On assignment from Los Alamos National Laboratory in New Mexico, McCall joined the lab as a staff member in 1969. At Los Alamos he was one of the founders of the Inertial Fusion Program, and participated in laser and plasma physics research. Author of some 100 scientific papers and holder of four patents, McCall is an instrument-rated private pilot who flies for business and pleasure.

In his off-hours, you'll find the 62-year-old McCall deeply submerged or at high altitude, either enjoying scuba-diving or mountain skiing. I recently caught up with him during the U.S. Space Foundation conference in Colorado Springs.

SPACE.com: As the military utilizes more and more commercial satellites to supplement its needs, is there a need to protect those assets?

McCALL: The military space forces have a couple of responsibilities. One is to provide for military capability, but the other is to protect our civil access to space and use of space as well. It's kind of like our Navy protecting the sea routes. That is essentially why navies were created a few hundred years ago. I think we are in the same situation now. So there are a lot of discussions about should we put attack-detection systems on board civilian satellites, or even on board military spacecraft. I think this is likely to become a stronger issue, especially if someone actually attacks a satellite. We tend to respond to a crisis very rapidly, but sometimes we don't plan for them very well.

SPACE.com: Is guarding commercial satellites part of the future?

McCALL: I think so. Information and communications are very tightly coupled. Commercial space is the bedrock of our military capability today. While we have military capabilities, it's commercial space that really provides the linkages that we use if we have to fight a war.

Starship Troopers: Armed Forces 90210

SPACE.com: Is there enough military and commercial space preparedness today in the event of attack?
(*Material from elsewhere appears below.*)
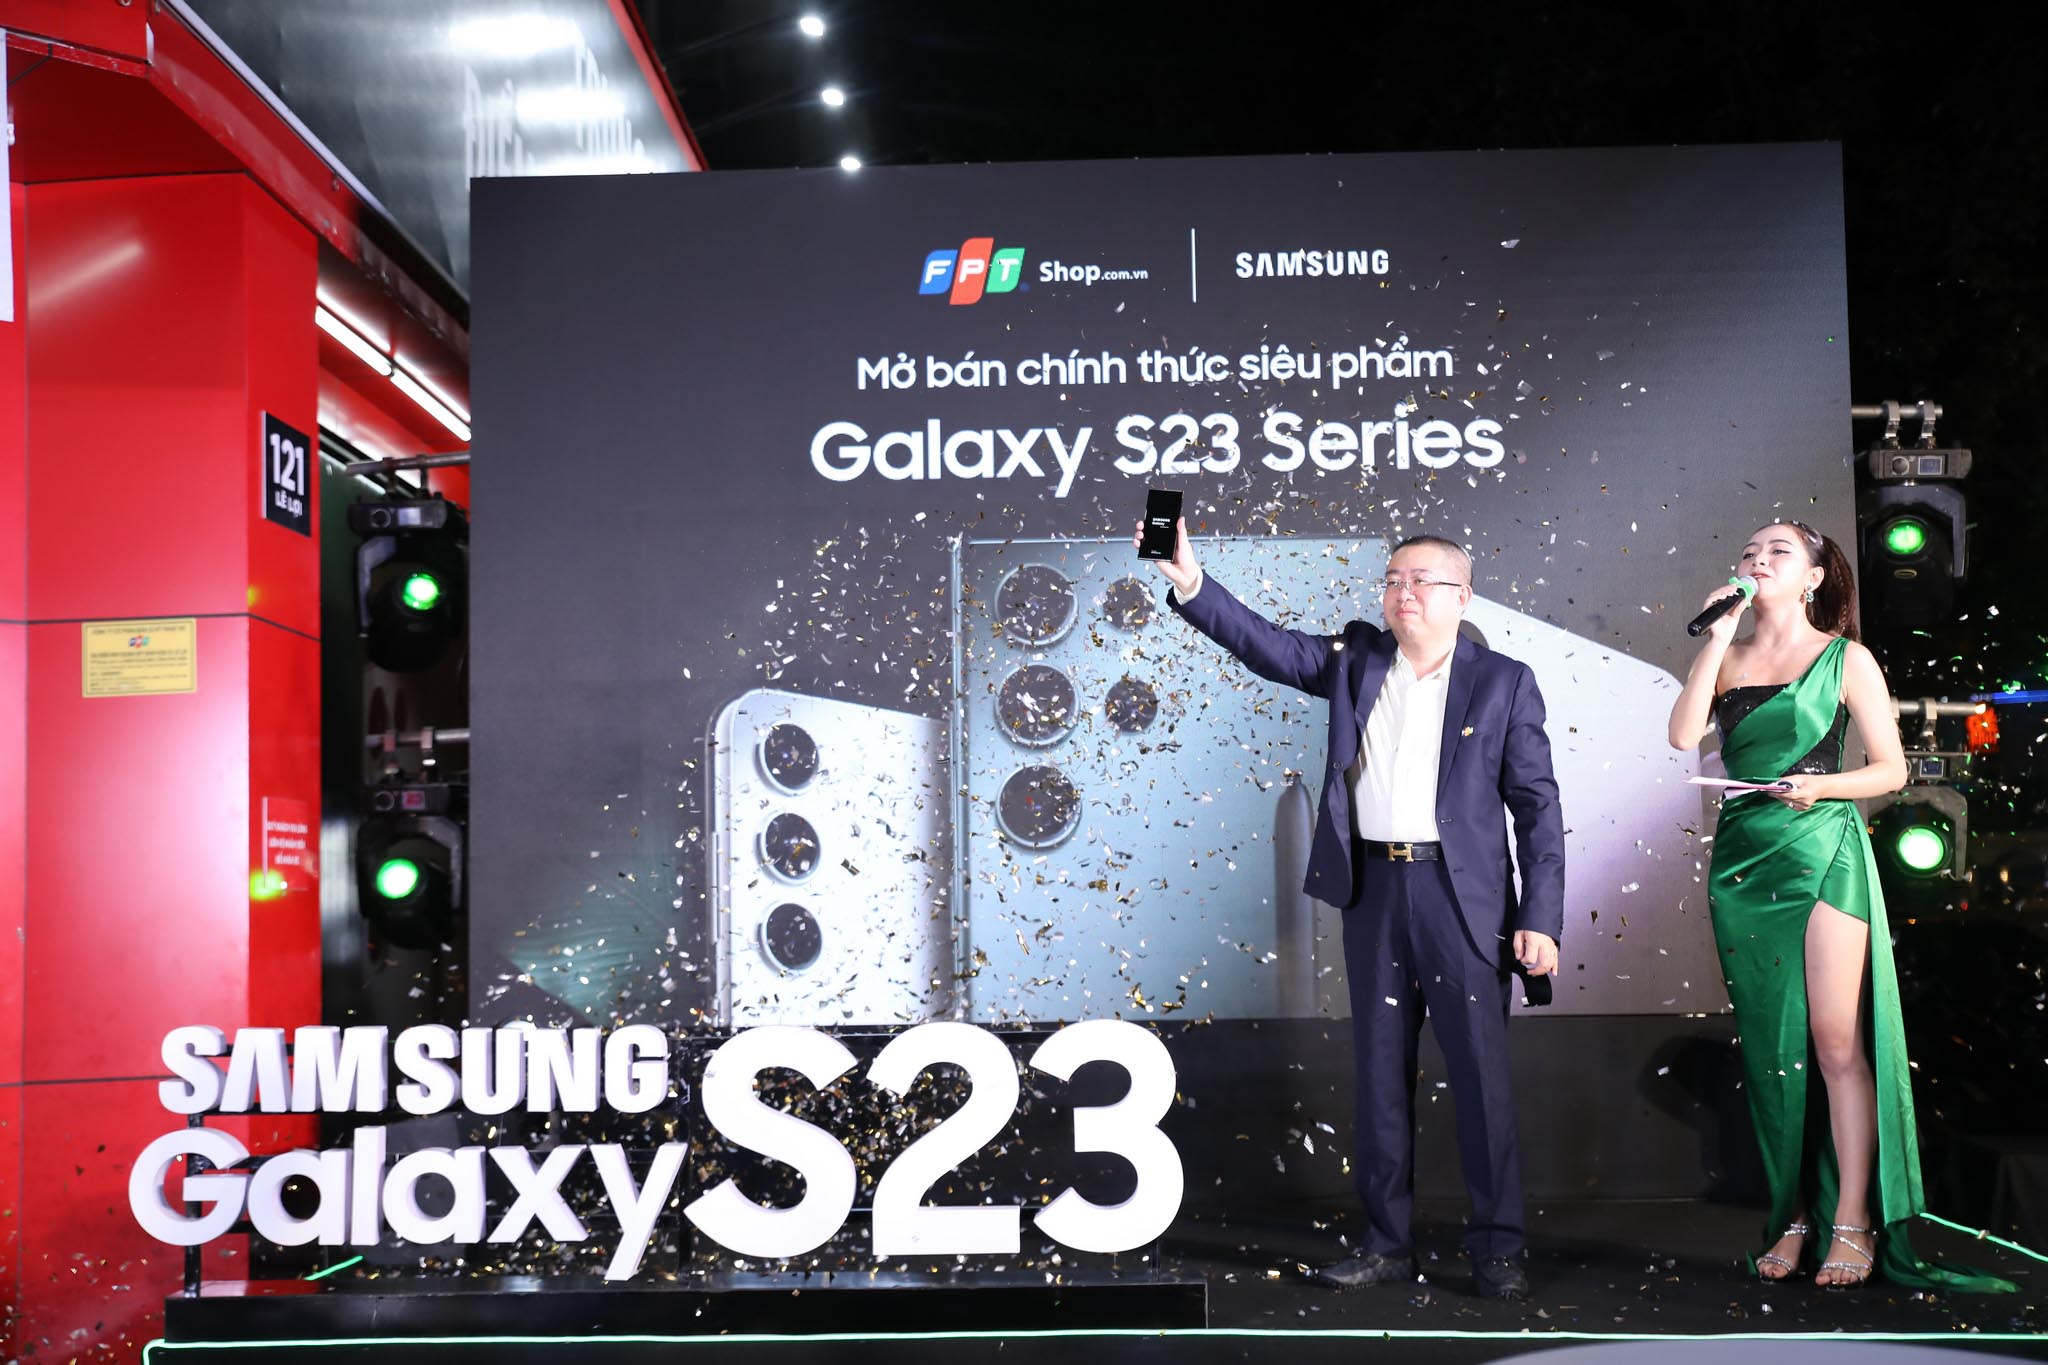 FPT Shop mở bán Galaxy S23 Series sớm nhất Việt Nam

McCALL: I think there's enough military planning, but frankly the commercial world isn't interested because it increases their cost. While some feel there's not a threat today, you have to look at what people are doing around the world. It's a dangerous place out there. There are those who are trying to gain some sort of ascendancy over their neighbors, and particularly over places like the United States. So we better think about what's going to be happening in 10 or 20 years, not what's going to be happening in 30 days.

SPACE.com: Should there be a separate U.S. Space Force, some kind of offshoot of the Air Force?

McCALL: That's something we discuss fairly often. I guess I don't think it is going to happen anytime soon. That is going to be a 10 or 20 year process of conversion. It may happen. Certainly there's a lot of support in Congress, and even within the Department of Defense, for having a separate U.S. Space Force. But I feel that the Air Force is doing a pretty good job of supplying services for the Navy, Army and even the civil community. I feel there's nothing to be gained by creating a separate force at the moment.

SPACE.com: There has been talk of the Air Force taking a lead role in protecting the globe against an incoming asteroid. What's your view?

McCALL: The actual defense mission is something that causes many people to say, 'Oh, this is just another way for those old nuke hacks to get a new mission,' because you've got to use a nuclear weapon to break these things up. The role currently of Space Command in that area is in detection. We have a system down in Socorro, New Mexico called LINEAR for Lincoln Labs Near-Earth Asteroid Research. It's really pretty good. But suppose we detect one? We have no way of protecting against it…and I guess I don't see anything being developed in the next decade to do that.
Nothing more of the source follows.